A minha família trabalhava na agricultura, eram jornaleiros, vendiam a sua força de trabalho à jorna. Começavam a trabalhar muito cedo, mal
nascia o sol, já se encontravam nas terras e só regressavam a casa quando o sol se punha, muitas vezes eu tinha que ir com eles trabalhar para o
campo. No início da primavera, tratavam-se as terras para o cultivo da batata, semeavam-se os produtos hortícolas, depois vinha a monda
(arranque das ervas daninhas) e a rega. No início do verão, era altura da ceifa e debulha dos cereais. Lembro-me de ver as mulheres vestidas com
blusas, saias compridas feitas de chita, avental, lenço na cabeça, chapéu de palha e calçavam tamancos feitos de pau de amieiro. A ceifa era muito
dura, eu também tinha uma foice para ceifar o trigo e tinha que acompanhar os meus pais nesta difícil tarefa. Depois de ceifado, o trigo era
levado para a eira, os homens juntavam-se e com a ajuda do mangual (alfaia agrícola) malhavam-no para lhe retirar o cereal, o grão era entregue
ao moleiro para ser moído na azenha e transformado em farinha, a palha era aproveitada para os animais.
Os trabalhos agrícolas eram acompanhados por cantares e danças para não serem tão monótonos.
Nesta época, eram poucas as crianças que iam à escola, apenas iam os filhos das pessoas mais abastadas. O meu dia era principalmente ocupado
a ajudar os meus pais nos trabalhos do campo e, quando tinha um pouco de tempo livre, juntava-me com alguns amigos e brincávamos às
escondidas, ao jogo do cântaro (pote), à cabra cega, salta castanha… Mas ao sol-posto tinha que estar em casa, senão lá vinham os castigos.

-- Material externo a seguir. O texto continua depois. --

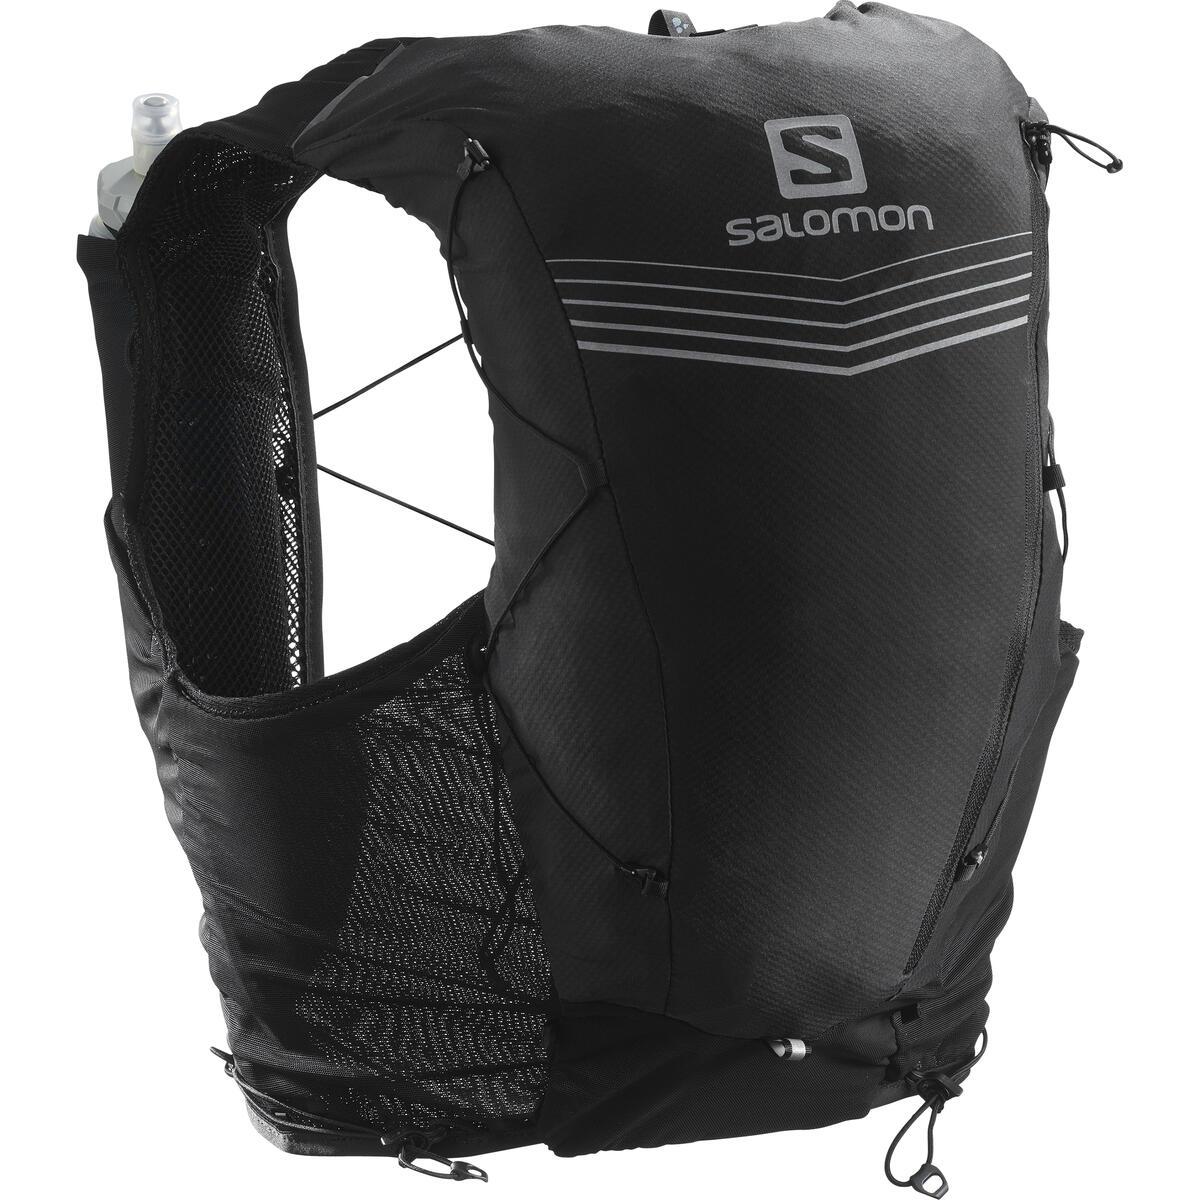 Salomon Advanced Skin 12 Set - Laufrucksack

A época das vindimas era muito trabalhosa, mas também era muito alegre. As pessoas iam para a vinha colher as uvas, os homens carregavam os
cestos de vime às costas que, depois, despejavam no lagar, era então altura dos homens pisarem as uvas com os pés, para dar início ao fabrico do
vinho.
A nossa alimentação era muito pobre, comiam-se sobretudo os produtos que a terra dava: a batata, couves, feijão, grão, azeitonas; fazia-se a
matança do porco que nos iria alimentar durante todo o ano. A carne que não era utilizada para fazer enchidos era colocada na salgadeira, a banha
servia para temperar a sopa, quanto aos doces, eram escassos, apenas se comiam em dias de festa. Na véspera das festas, acendia-se o lume no
forno comunitário para cozer as broas e os bolinhos esquecidos, também era aí que se cozia o pão centeio que comia diariamente.
A festa da Nossa Senhora da Póvoa e da Nossa Senhora da Ajuda eram as romarias mais festejadas, era nesses dias que tinha autorização para
vestir roupa nova e calçar sapatos, a maior parte do tempo andava descalço.
Gostava imenso de ir com a minha mãe lavar a roupa no rio Côa, lá corriam águas cristalinas, tinha que se percorrer alguns quilómetros com o
alguidar à cabeça até lá chegar, mas o esforço era recompensado pela beleza e tranquilidade do local.
Quando acordei, lembrei-me logo de uma fotografia que tinha visto no álbum lá de casa em que o meu avô
estava a arrancar as batatas da terra com o arado puxado pelas vacas, isso aconteceu há alguns anos atrás mas a técnica era a mesma que se
utilizava no século XIX.

Este sonho que tive foi muito enriquecedor, aprendi muita coisa e facilitou-me o trabalho!
Não me posso esquecer da frase que me foi dita tantas vezes: “ A vida do campo é muito dura, mas sem trabalho nada vem”.